Yes. Filing is mandatory even when no tax is due — including 0% Qualifying Free Zone Persons and businesses electing Small Business Relief. Electing relief removes the tax, not the duty to submit a return on EmaraTax.
Who can use Small Business Relief, and when does it end?
A UAE Resident Person with revenue of AED 3 million or less in the relevant and all prior tax periods can elect it and pay no CT. It is not available to Qualifying Free Zone Persons or Multinational Enterprise Group members, and it is only available for tax periods ending on or before 31 December 2026 — a hard sunset.
How much is UAE Corporate Tax?
The standard rate is 0% on taxable income up to AED 375,000 and 9% above that.
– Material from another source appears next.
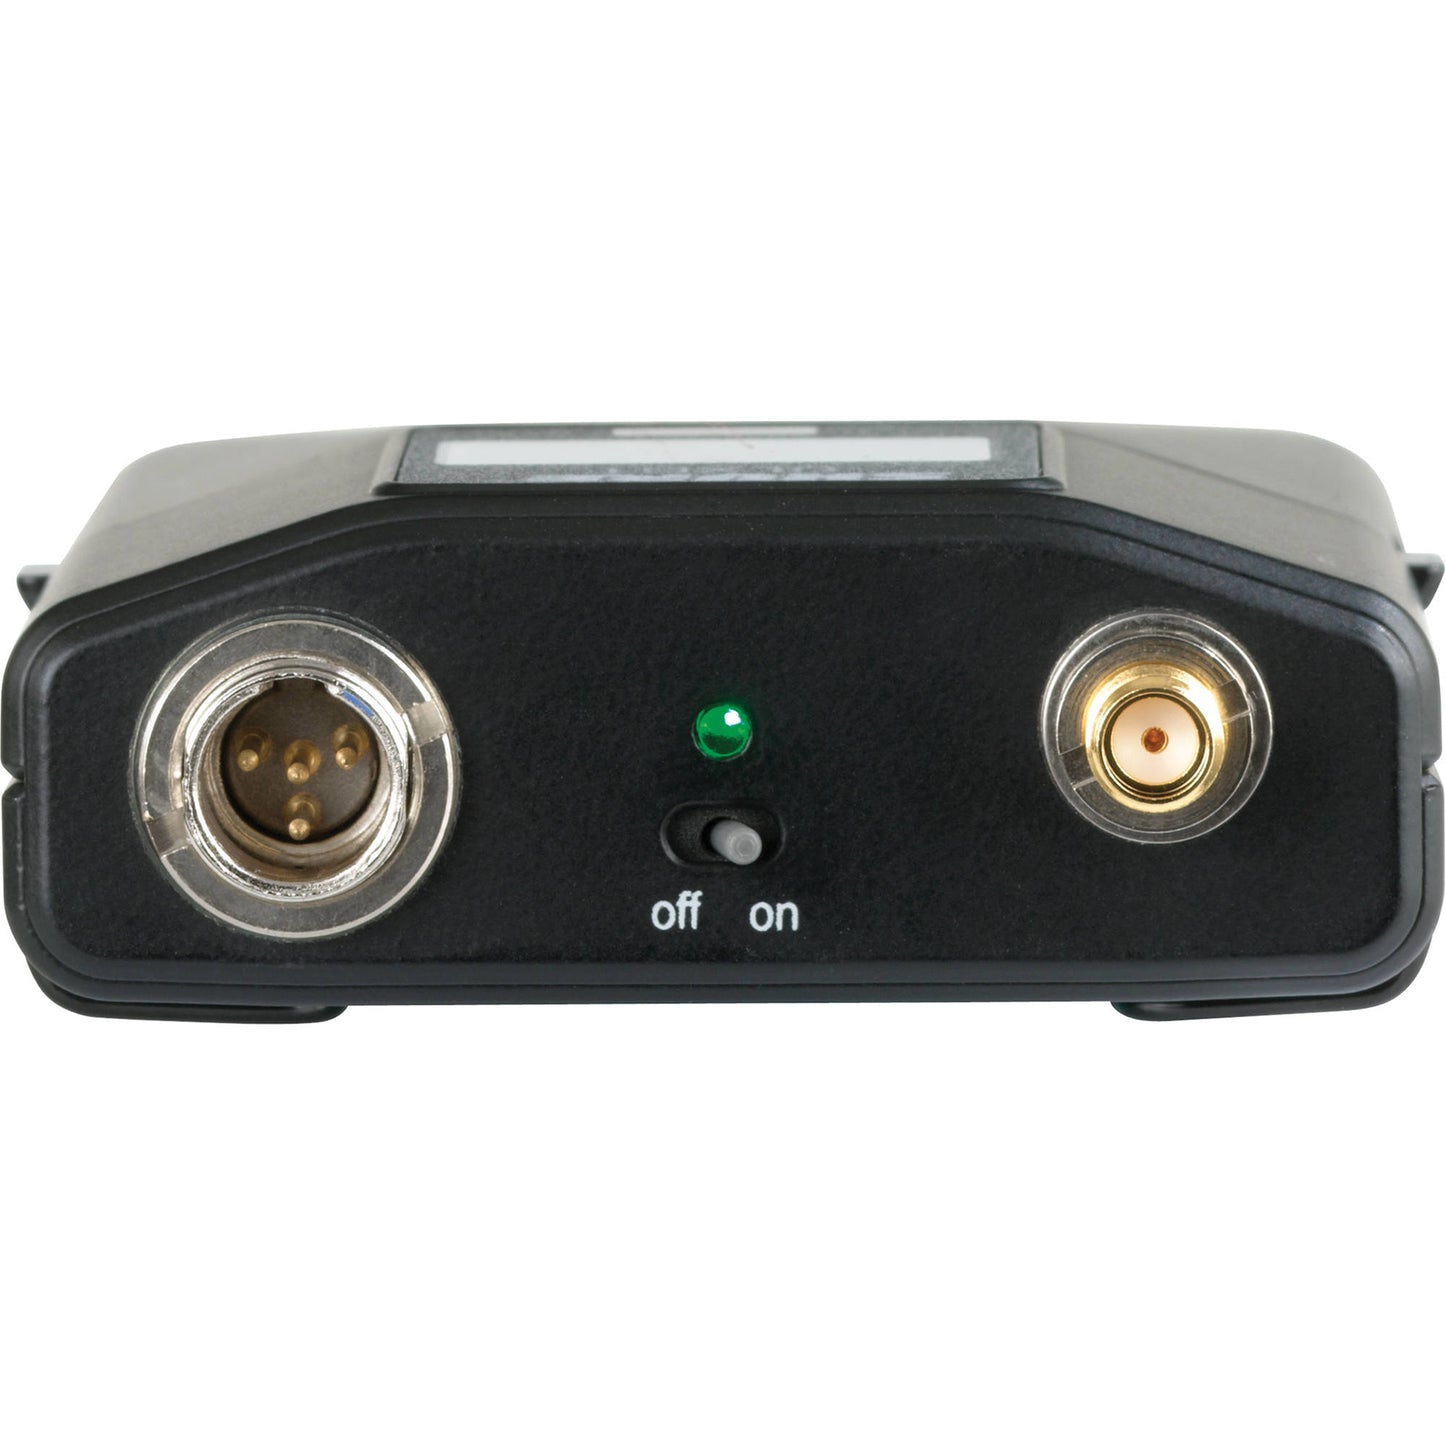 Shure ULXD1 Wireless Bodypack Transmitter - G50 Band

Qualifying Free Zone Persons can pay 0% on Qualifying Income and 9% on the rest, if they meet all the qualifying conditions.
Where do I actually file the return?
On the FTA's EmaraTax portal. Both the return and any payment are due by the same deadline. Keep your financial statements and supporting records — the FTA can request them, including a structured audit file.
This is general information, not tax or legal advice — verify current rules with the FTA (tax.gov.ae) or a licensed advisor before acting. Figures and dates reflect the position as of 2026.